Honestidade, trabalho e cuidado com as pessoas foi o que Maira Maria Zanandrea, 57 anos, aprendeu com a mãe, Maria Anelita Bianchi Zanandrea, 83 anos. “Minha mãe foi uma mulher muito sofrida na vida. É uma guerreira, tem muita força e é uma mãe exemplar. Carregou o sofrimento, as alegrias e construiu uma família”.
Saída de casa
A cabeleireira relata duas lembranças vividas com a mãe que a deixa emocionada, mas reforça o sentimento de amabilidade e de poder abraçá-la todos os dias nas idas e vindas do trabalho.
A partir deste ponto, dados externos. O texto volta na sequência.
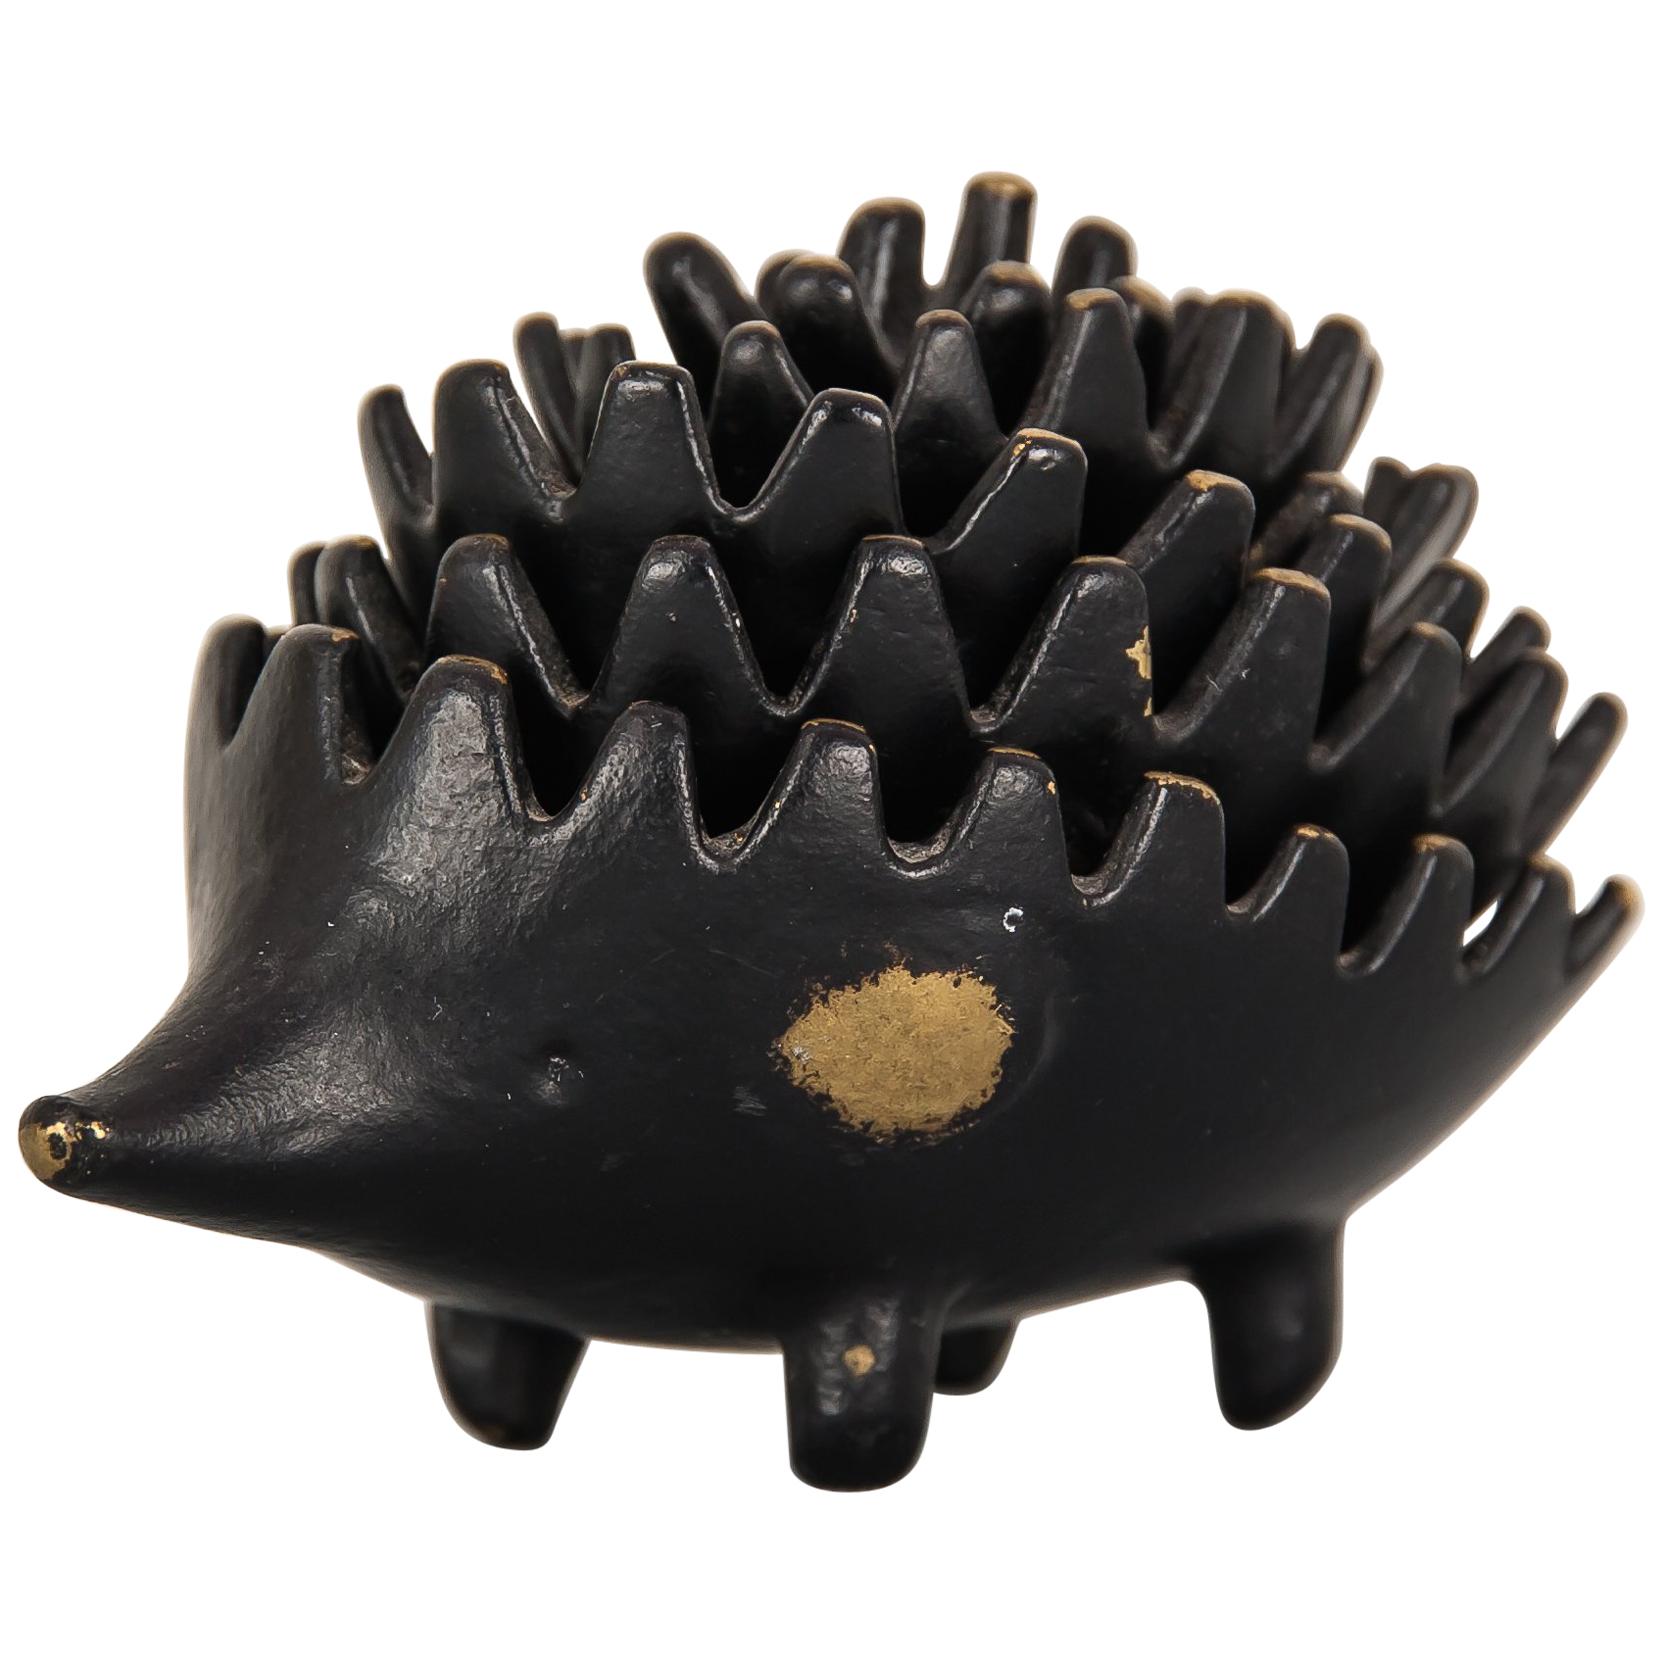 Hedgehog by Walter Bosse for Hertha Baller

A última de quatro irmãos a sair de casa, viu a tristeza no olhar da mãe no instante em que fez a mudança para sua nova moradia. “Veio a camionete na casa da minha mãe para carregar meu enxoval. Ela estava sentada na caixa de lenha que na época se escolhia o arroz. Eu disse: ‘Mãe, estou levando as minhas coisas’. Ela baixou a cabeça e não falou nada e nem me ajudou a carregar, apesar que eu iria morar a 500 metros longe dela”.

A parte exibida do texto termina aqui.